What I need is an exact repeat of the lines from the one with "TAG Liquor Stores" through the end of the listing below. Leave out every picture.

§ DATASET SECTION:
· · ·
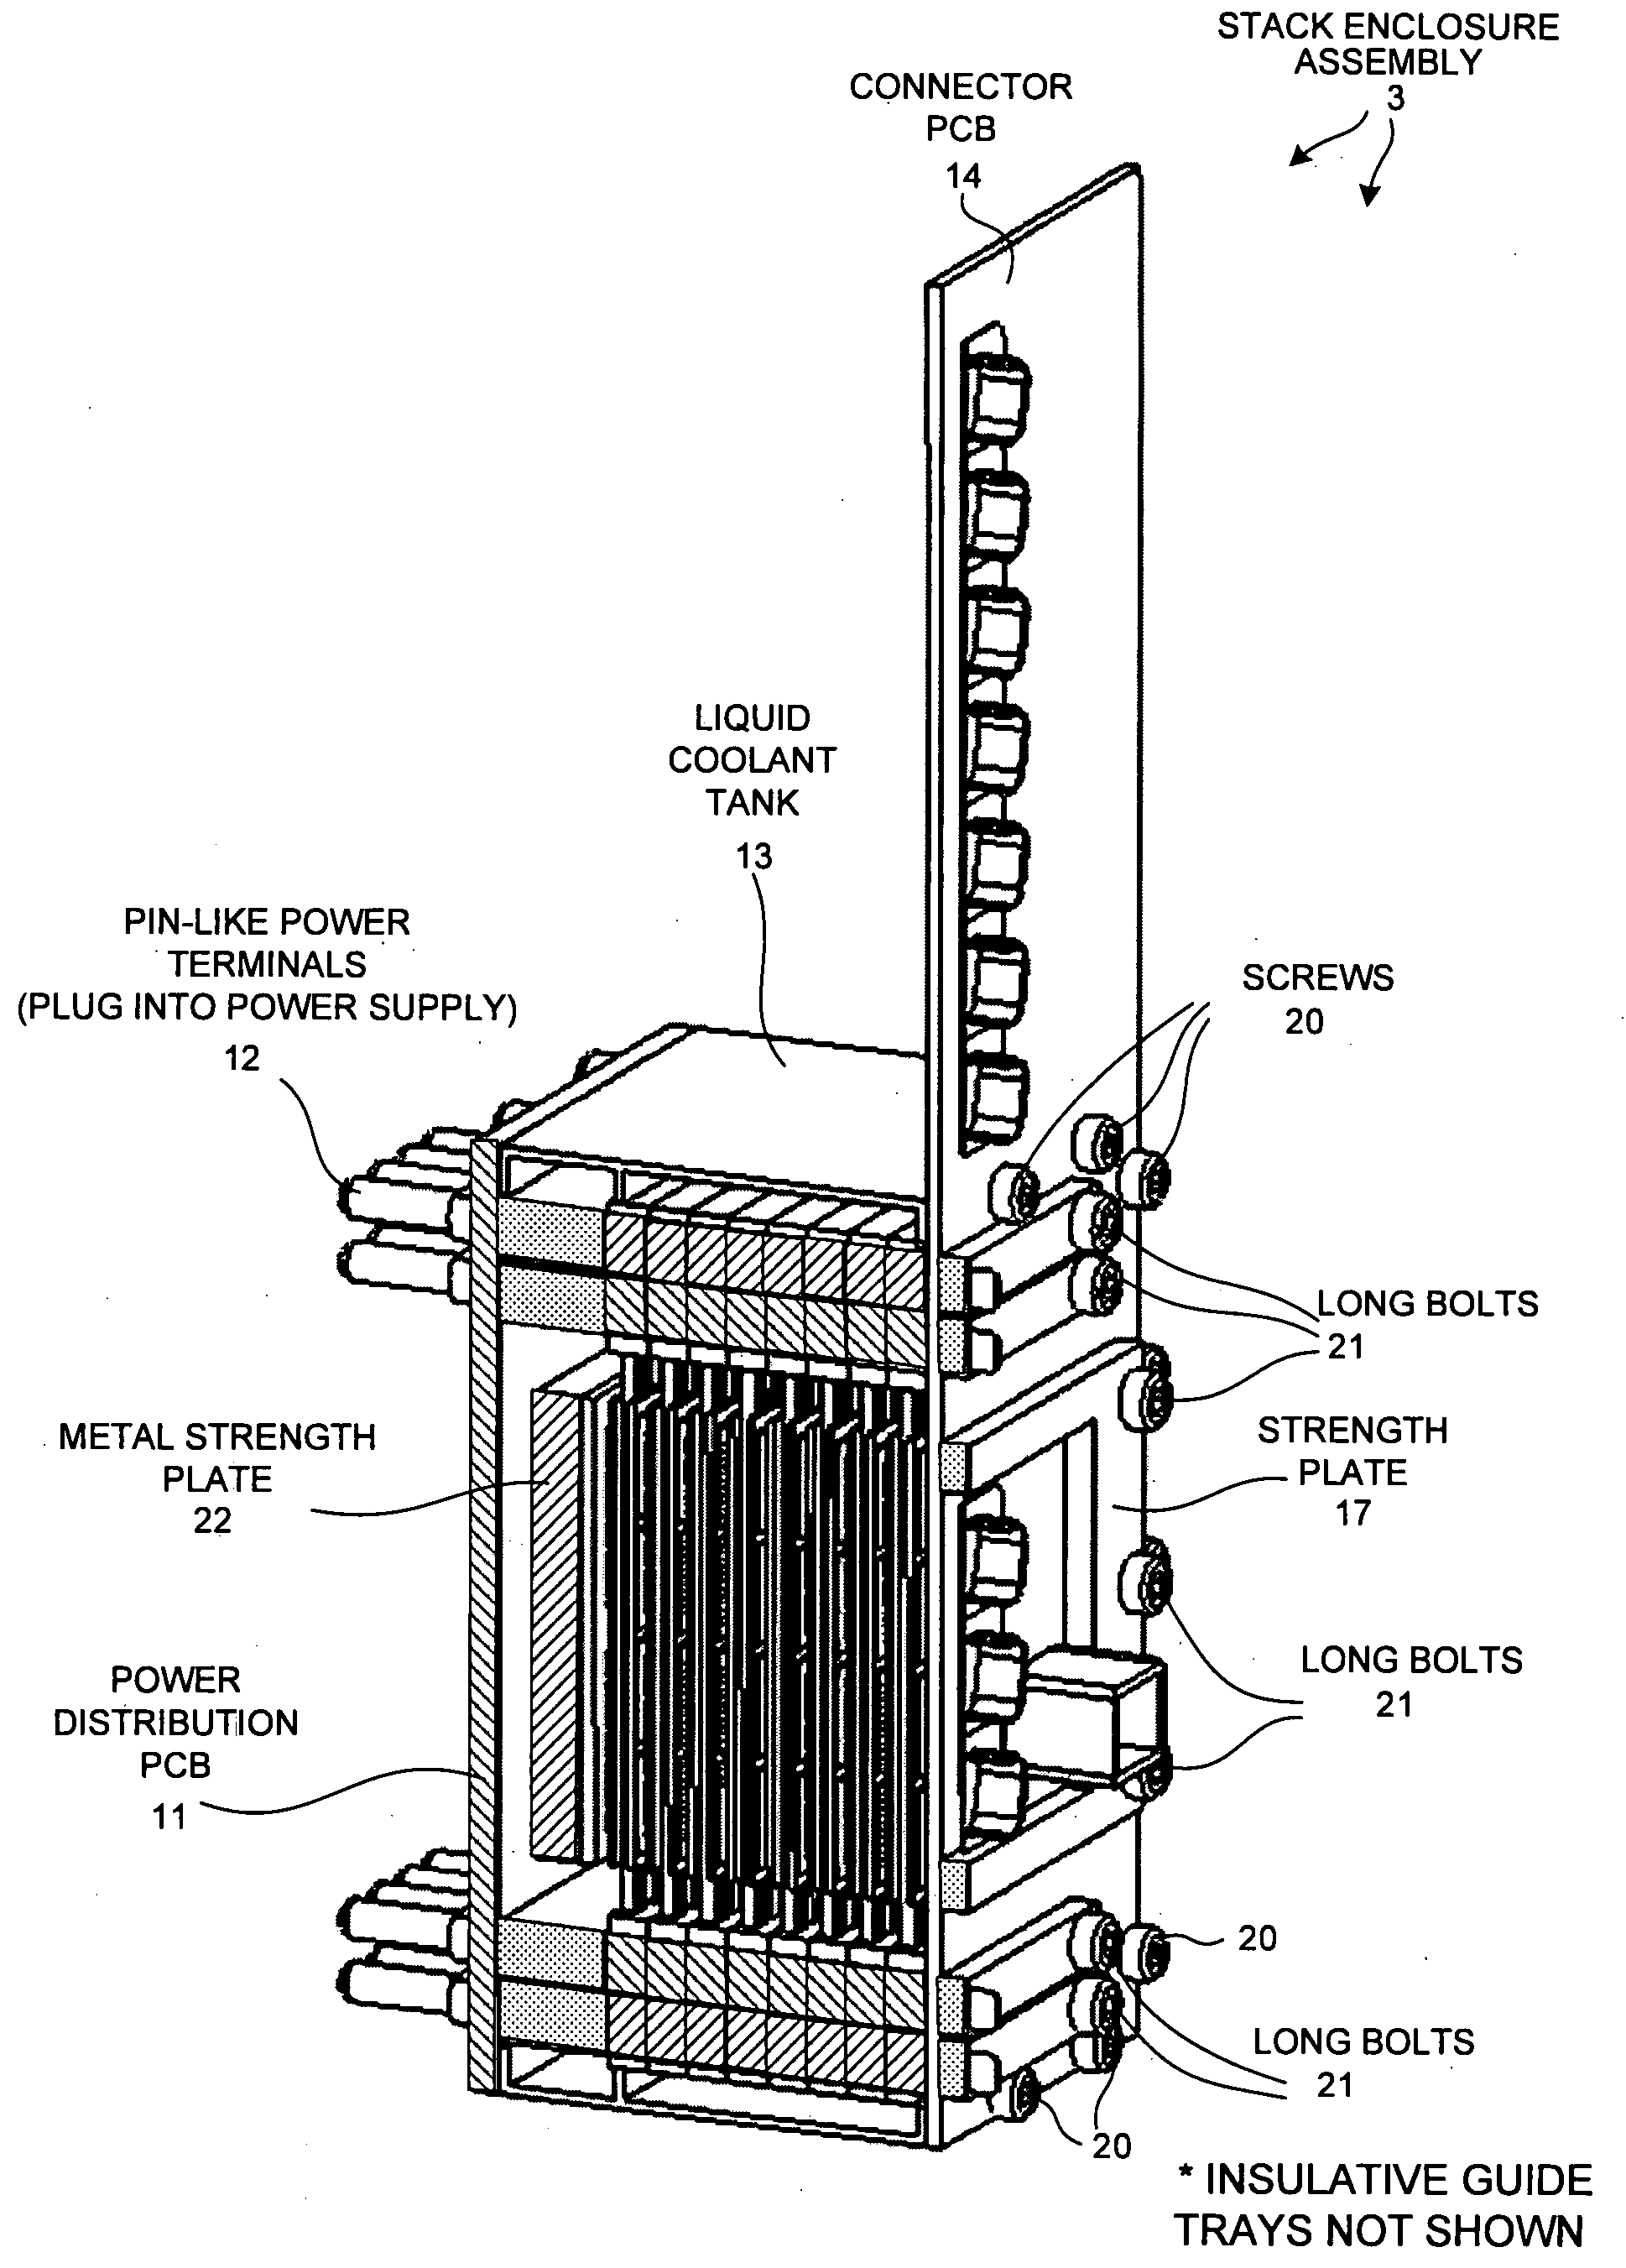 Semiconductor substrate elastomeric stack
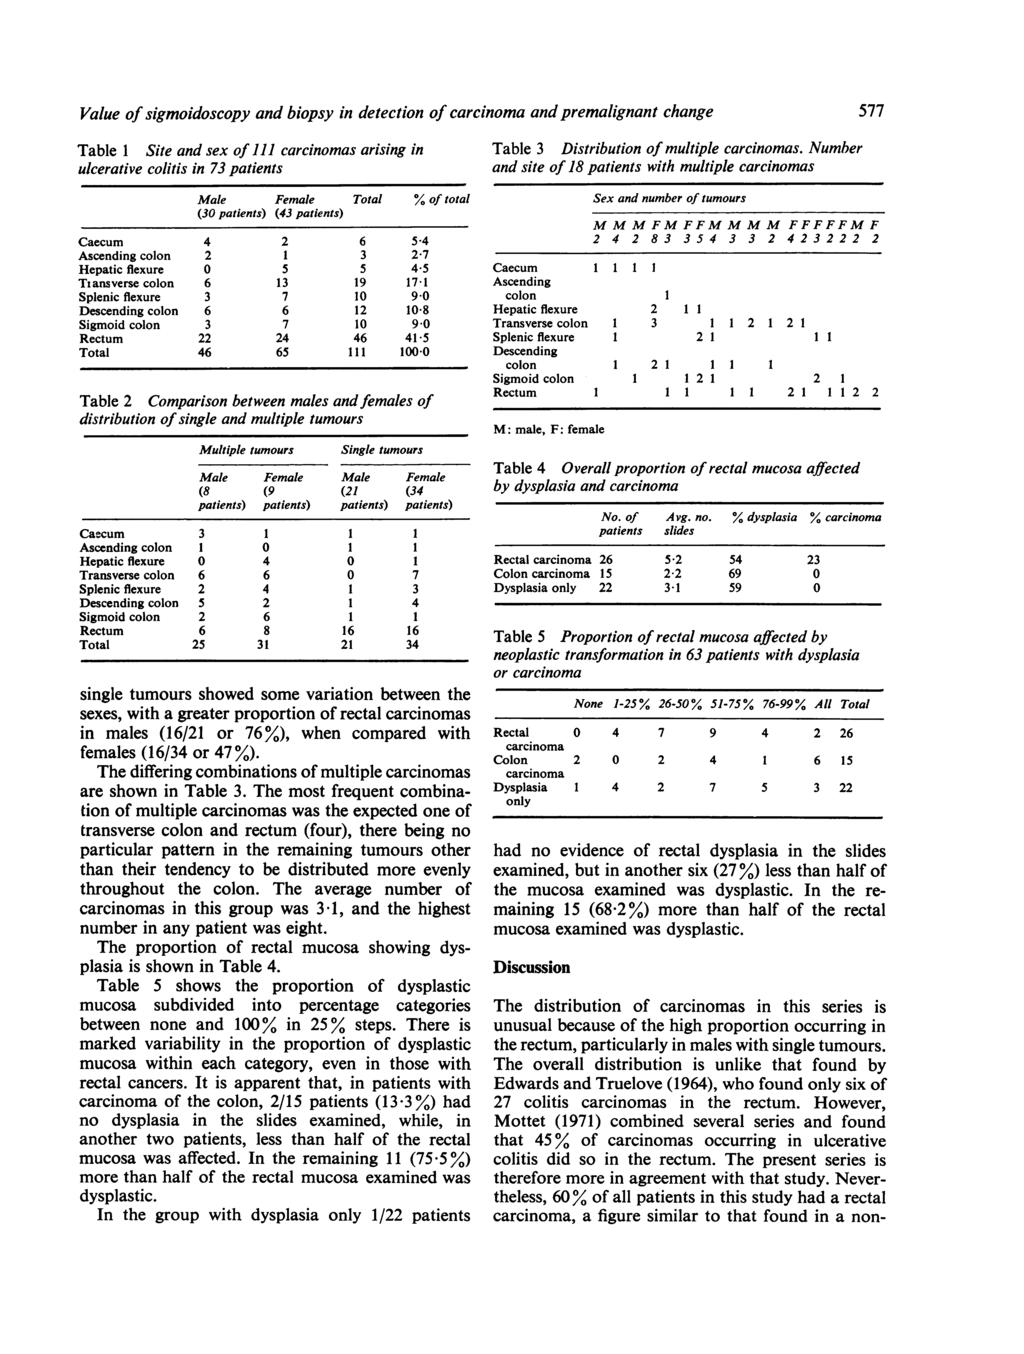 Value of sigmoidoscopy and biopsy in detection of carcinoma and premalignant change Table 1 Site and sex of 111 carcinomas arising in ulcerative colitis in 73 patients Male Female Total % of total
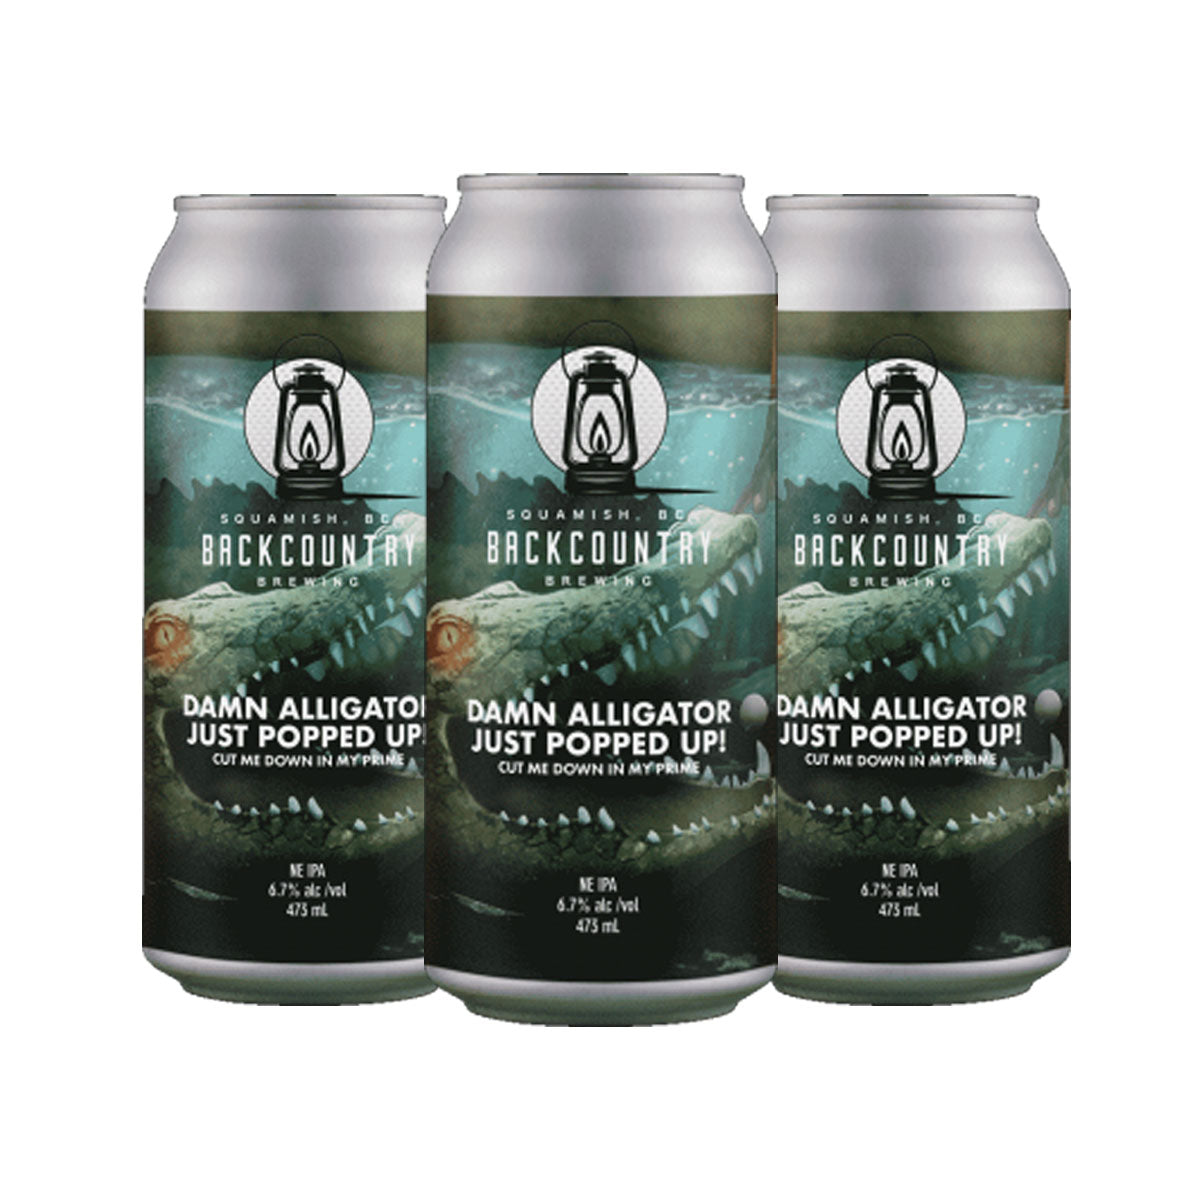 TAG Liquor Stores BC - Backcountry Brewing "Damn Alligator Just Showed Up! Cut Me Down In My Prime" NE IPA 4 Pack Cans
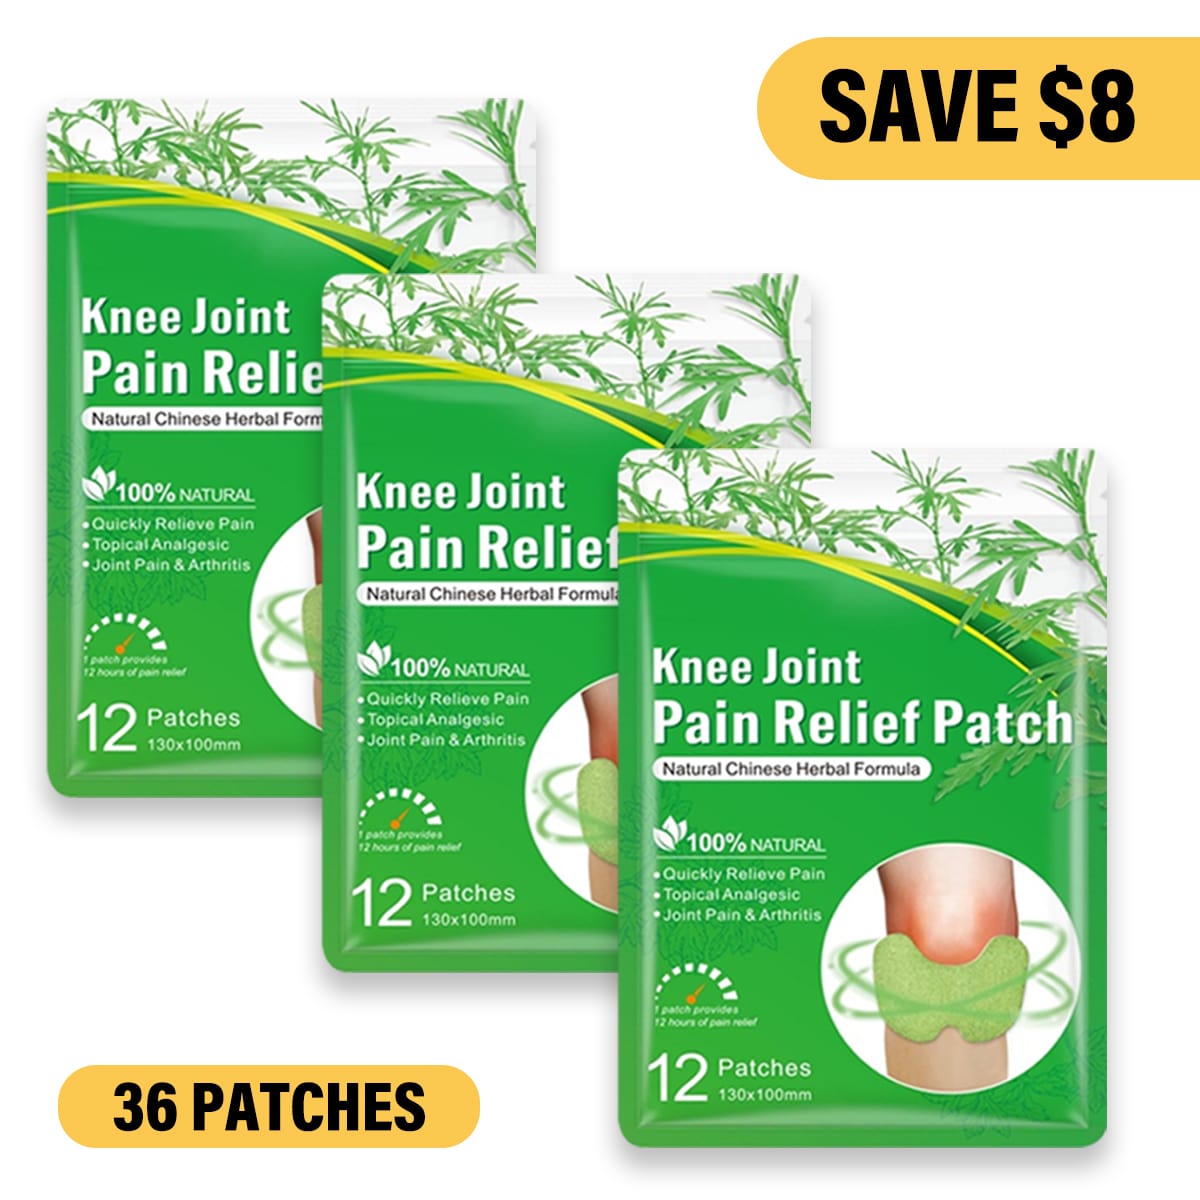 Flexiknee Natural Knee Pain Patch, Knee Joint Pain Relief Patch
· · ·
§ WRITTEN REPLY:
 TAG Liquor Stores BC - Backcountry Brewing "Damn Alligator Just Showed Up! Cut Me Down In My Prime" NE IPA 4 Pack Cans
 Flexiknee Natural Knee Pain Patch, Knee Joint Pain Relief Patch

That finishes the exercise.